> **Activity**:
When you write out the listing, keep each word exactly as it stands but include none of its images.

> **Recorded information**:
|---|

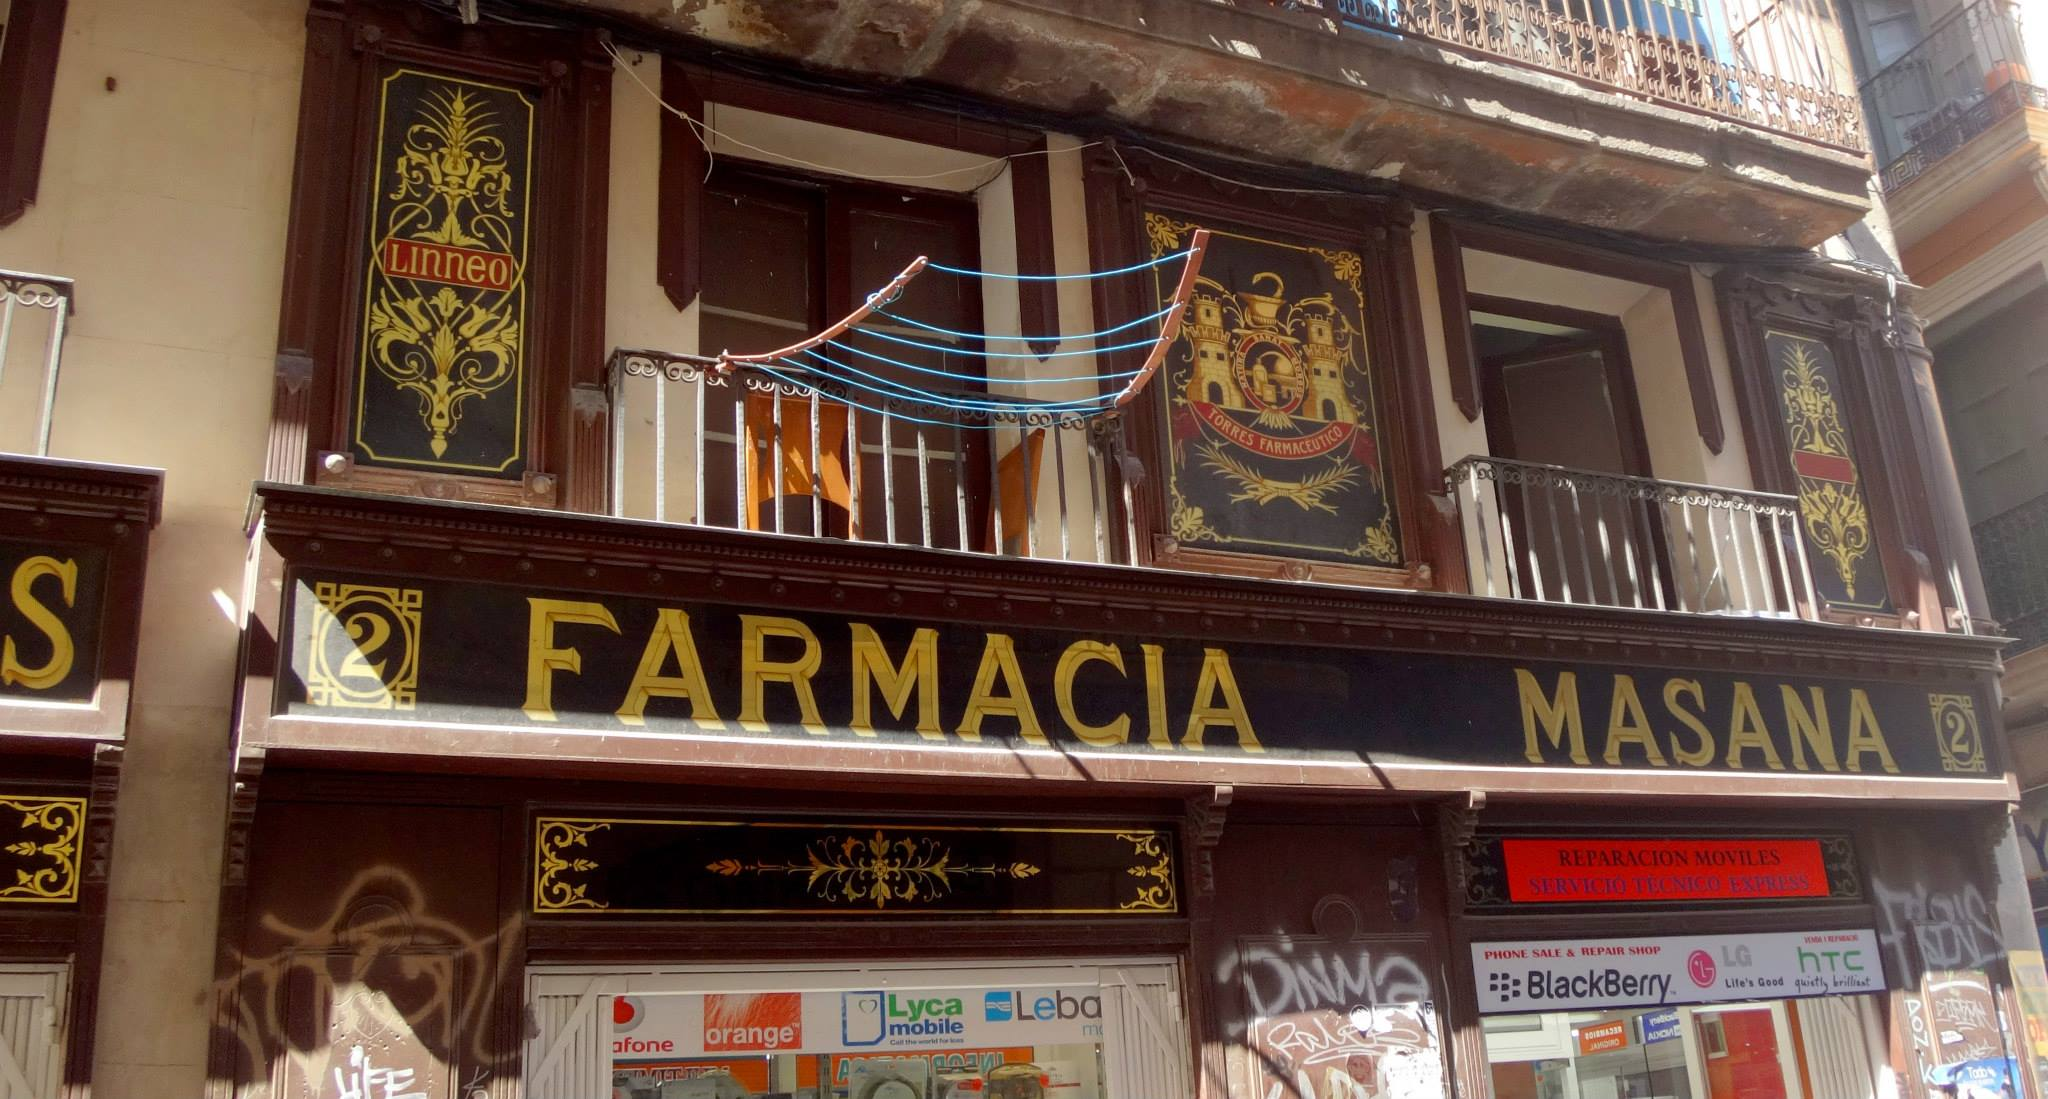 La Farmacia Masana en El Raval conoció mejores dias. — en Barcelona.
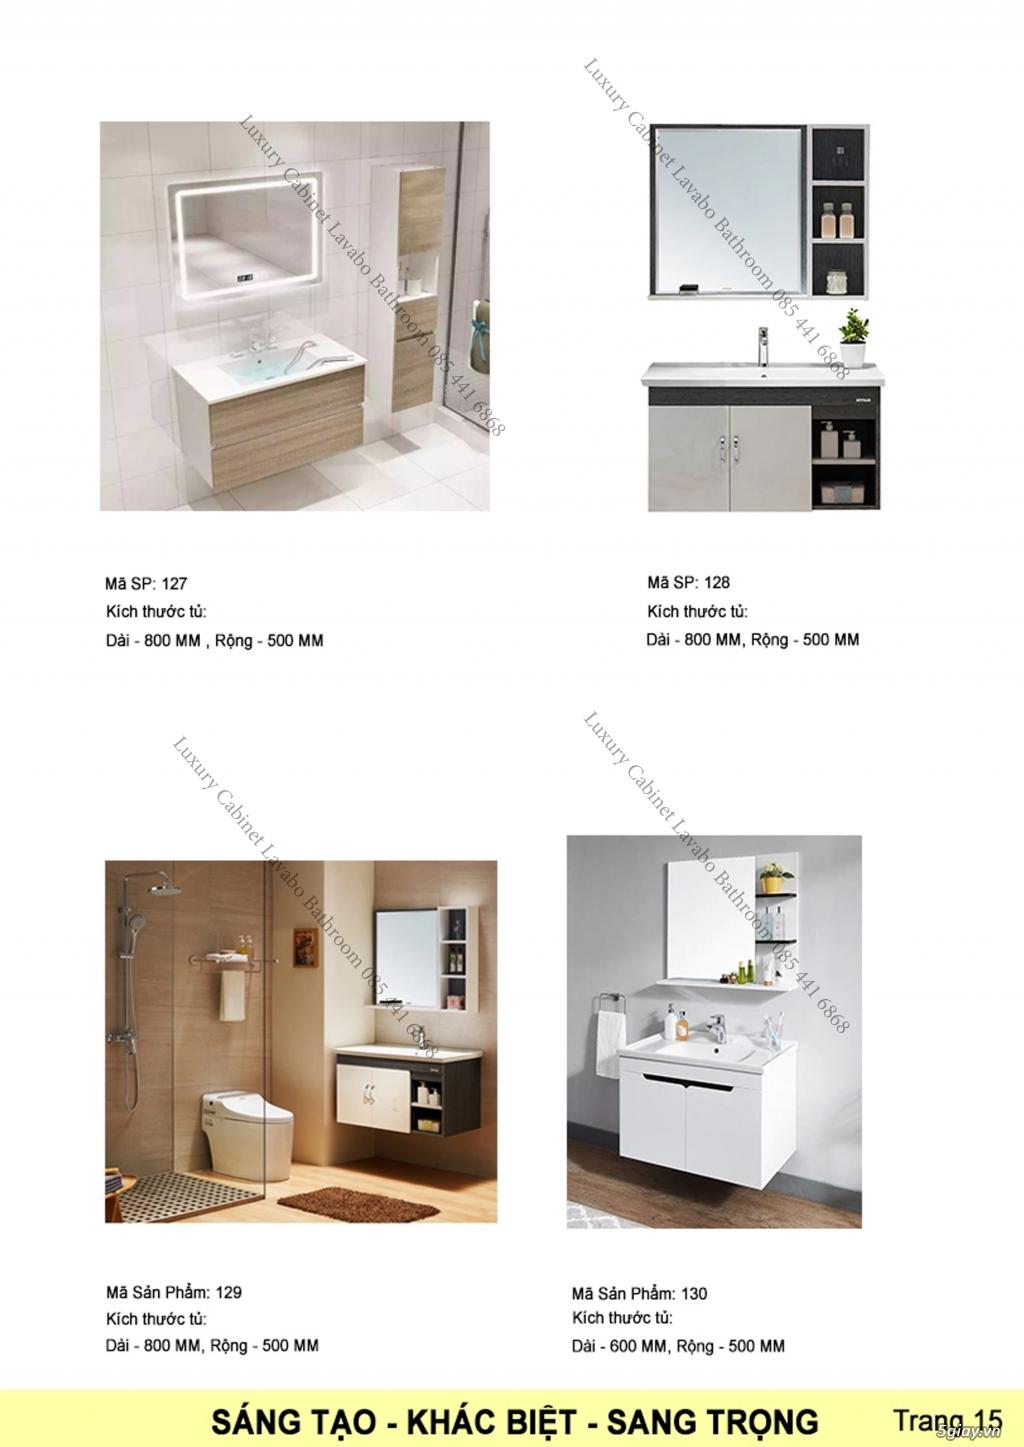 Bán tủ chậu lavabo tân cổ điển, hiện đại, tủ chậu mặt đá phòng tắm - 16
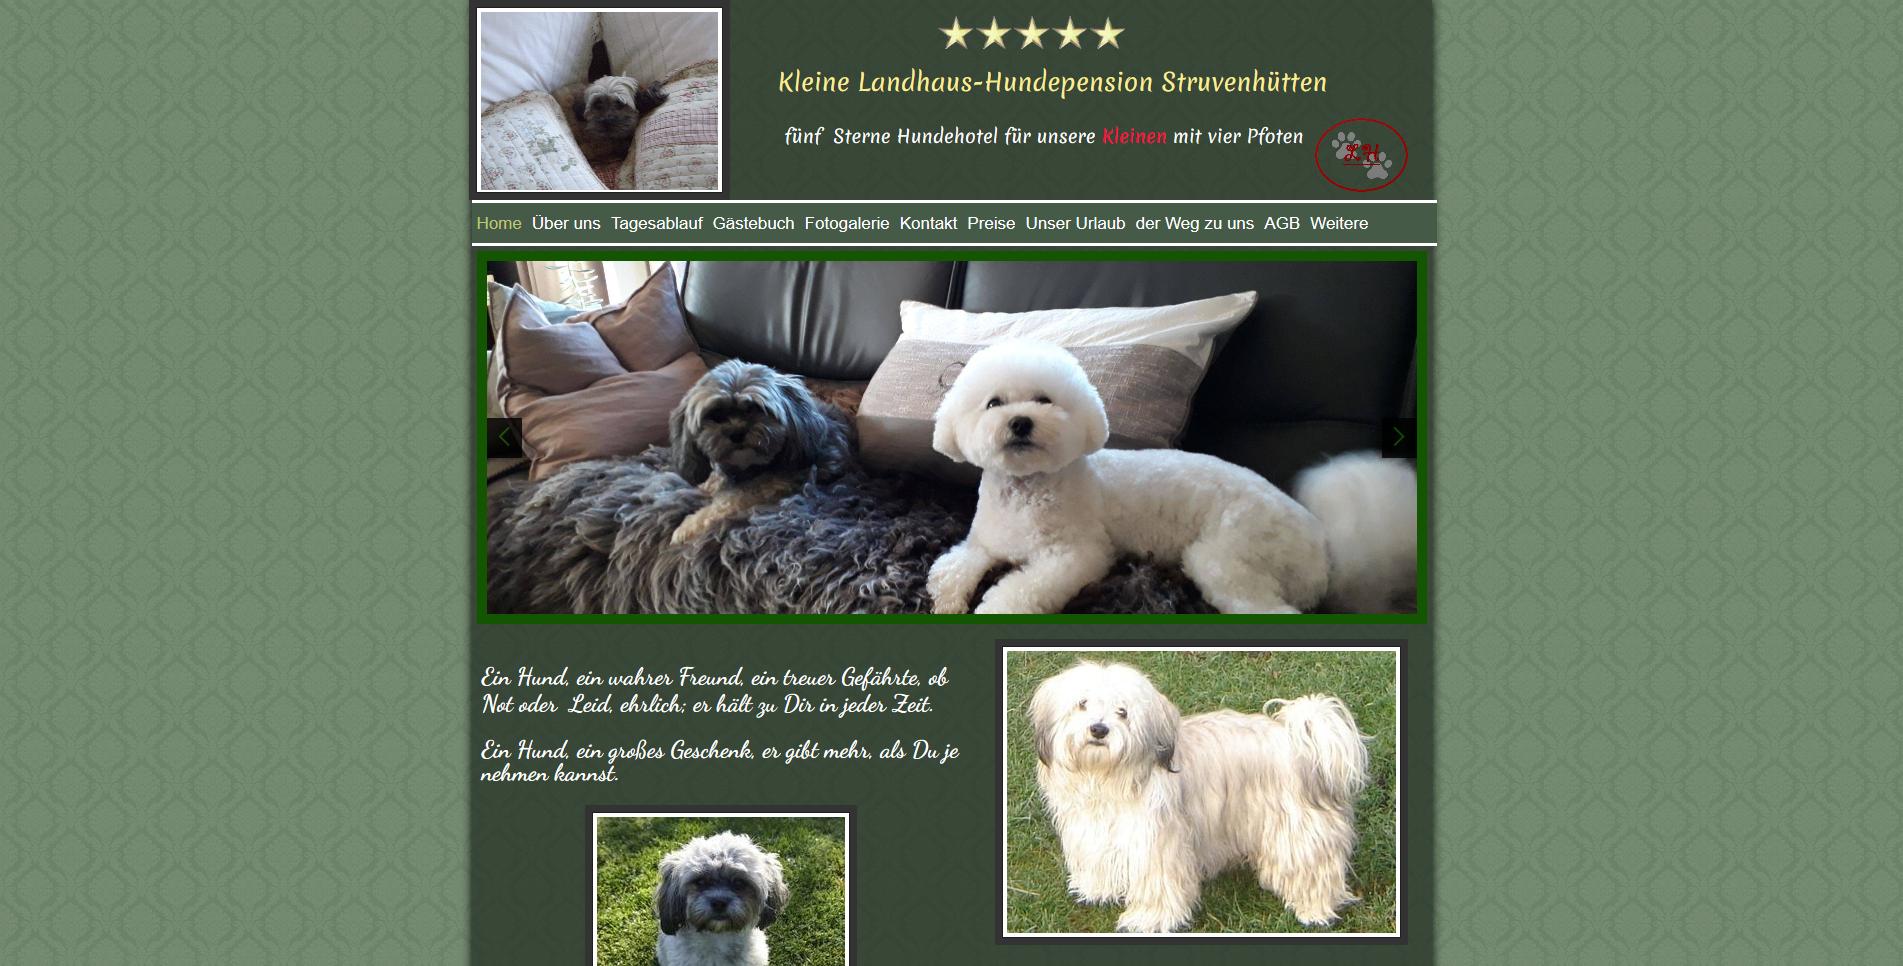 Kleine Landhaus-Hundepension

|---|

> **Response below**:
 La Farmacia Masana en El Raval conoció mejores dias. — en Barcelona.
 Bán tủ chậu lavabo tân cổ điển, hiện đại, tủ chậu mặt đá phòng tắm - 16
 Kleine Landhaus-Hundepension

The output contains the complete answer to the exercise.